Ein Pufferspeicher, der 30 000 Liter Wasser fassen kann, wirkt wie eine Batterie und sorgt dafür, dass die Anlagen optimal genutzt werden: Wenn in BHKW und Hackschnitzelheizung mehr Wärme erzeugt wird als gebraucht, wird mit der überschüssigen Energie Wasser im Pufferspeicher erhitzt. Damit wird vermieden, dass die Anlagen heruntergefahren werden müssen, was den Wirkungsgrad verschlechtern würde. Über Leitungen, in denen 45 000 Liter Wasser zirkuliert, wird die Wärme in die angeschlossenen Gebäude geleitet.

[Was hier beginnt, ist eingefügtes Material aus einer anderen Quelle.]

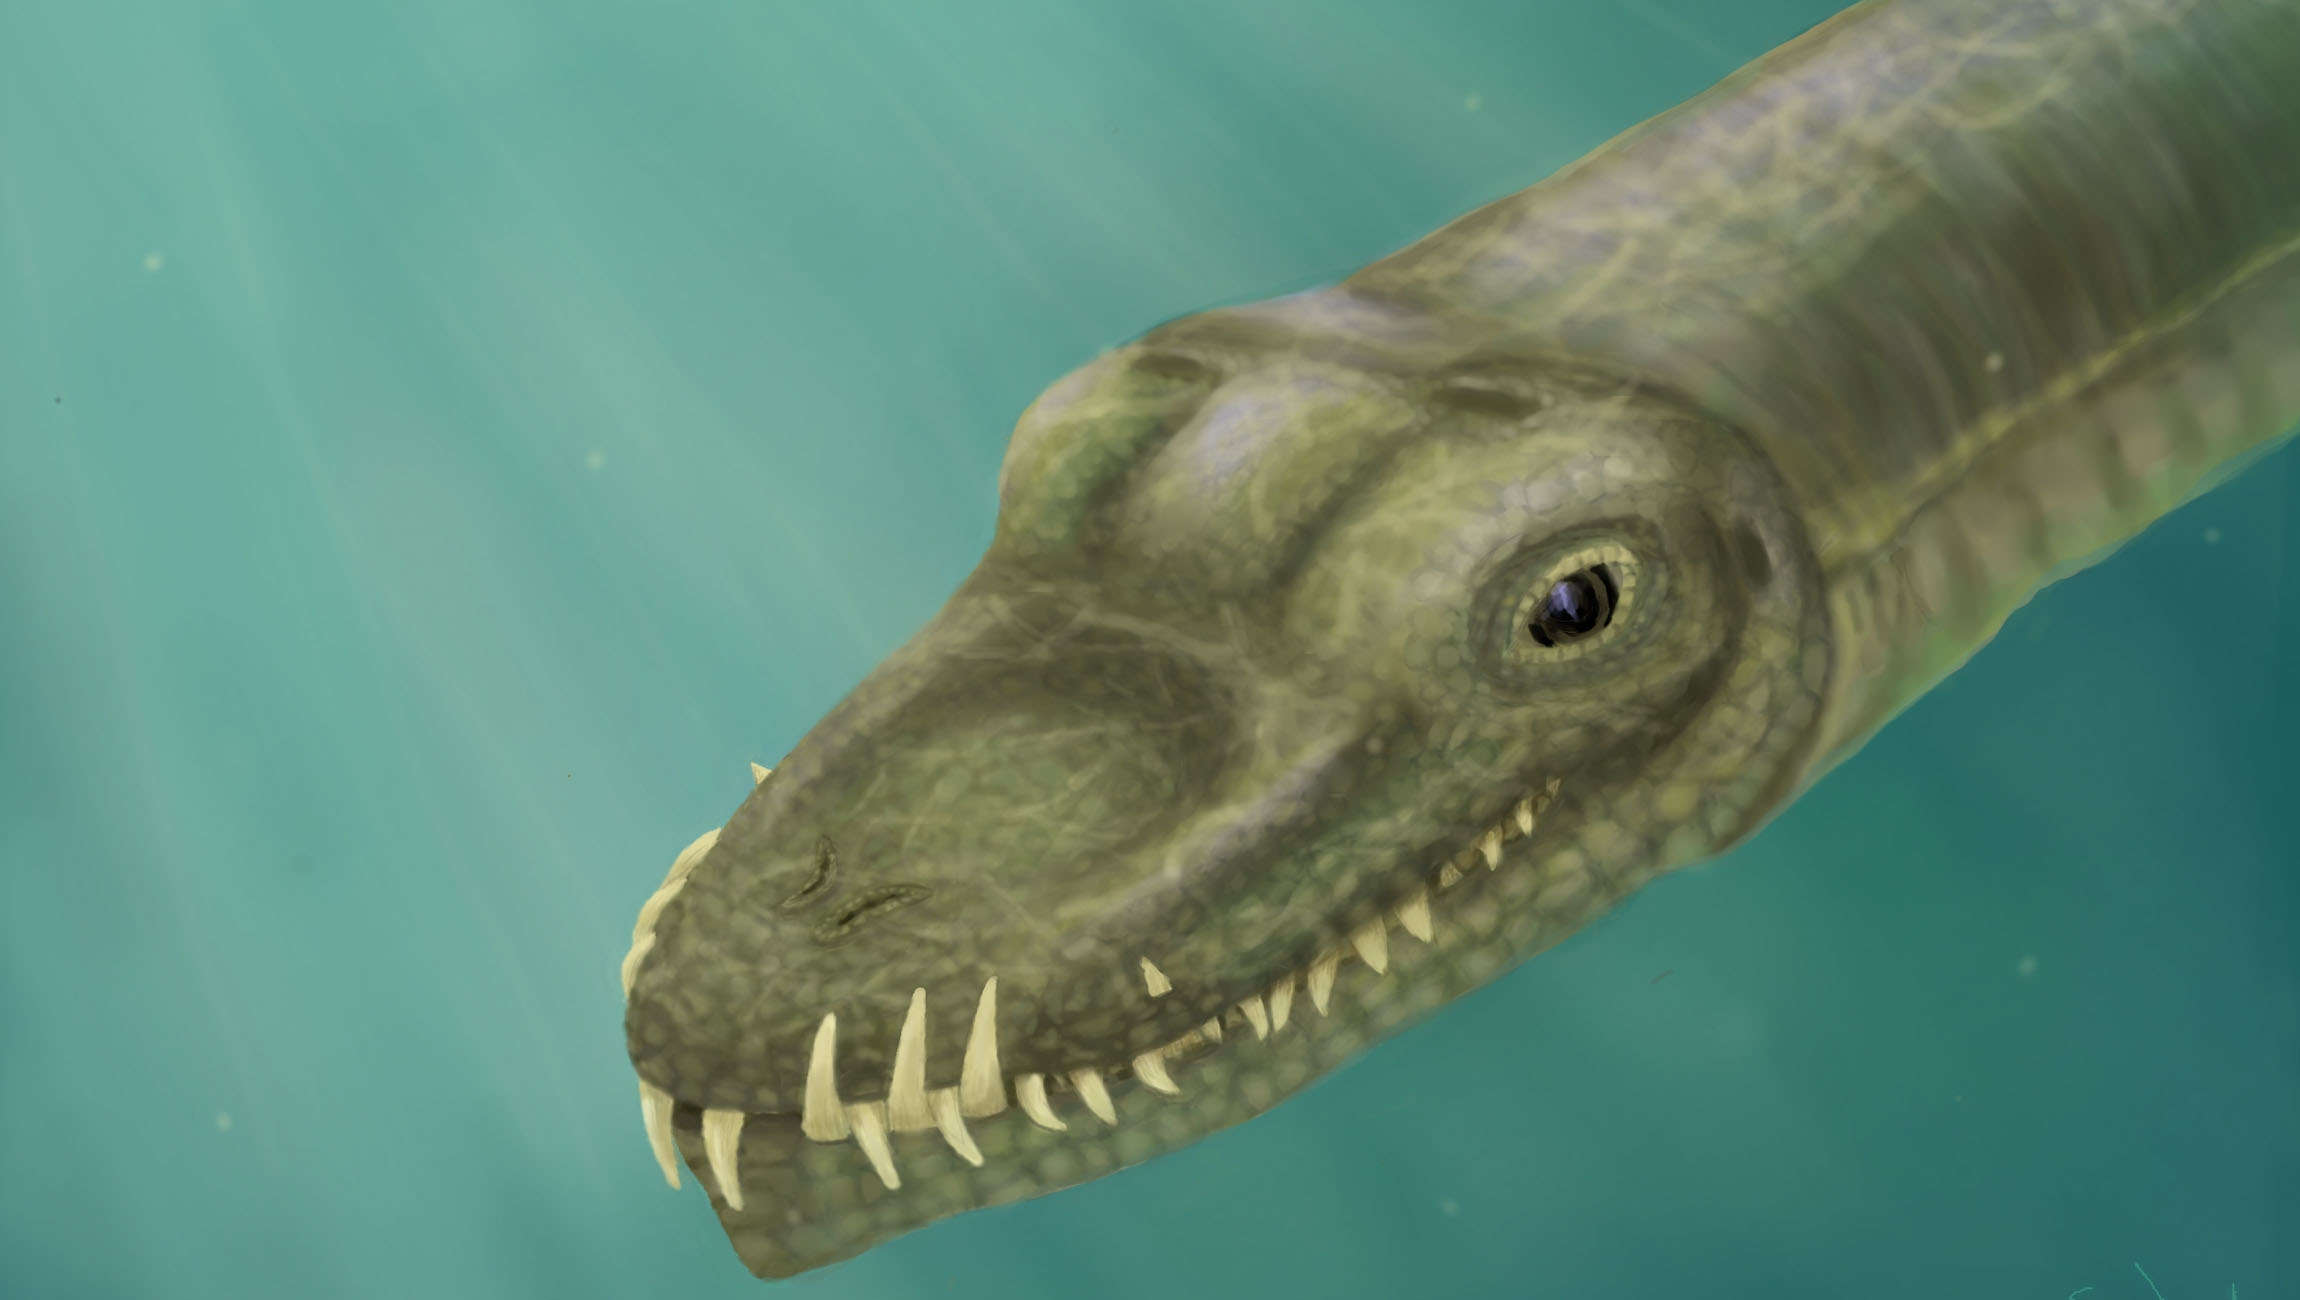 Tanystropheus had a disproportionate neck three times its body length — but  why? | SYFY WIRE

Der Aufbau des Nahwärmenetzes sei "ein Kraftakt" gewesen, sagte Schuhmacher. Denn die Leitungen mussten in einer 4,50 Meter tiefen Grube den Dorfbach unterqueren. Auch im Bereich der Marktstraße führten die Bauarbeiten zu Verkehrsbehinderungen, die von den Bürgern aber "geduldig" ertragen worden seien, wie Weindl sagte. Der Bürgermeister könnte sich vorstellen, dass längerfristig auch Kindergarten, Haus der Senioren und Pflegeheim angeschlossen werden. Nicht geplant sind allerdings private Hausanschlüsse. Denn dann müsste die Gemeinde eine eigene Gesellschaft gründen und Personal einstellen, was die Preise für Privatkunden erhöhen würde. "Bei uns ist das Nahwärmenetz nur für kommunale Gebäude gedacht", sagte Weindl.

Die Gesamtkosten für das Biomasseheizkraftwerk und die Leitungstrasse belaufen sich auf 3,5 Millionen Euro. Die Gemeinde erhält einen Zuschuss von rund zwei Millionen - 50 Prozent aus europäischen Fördermitteln, zehn Prozent schießt der Freistaat zu.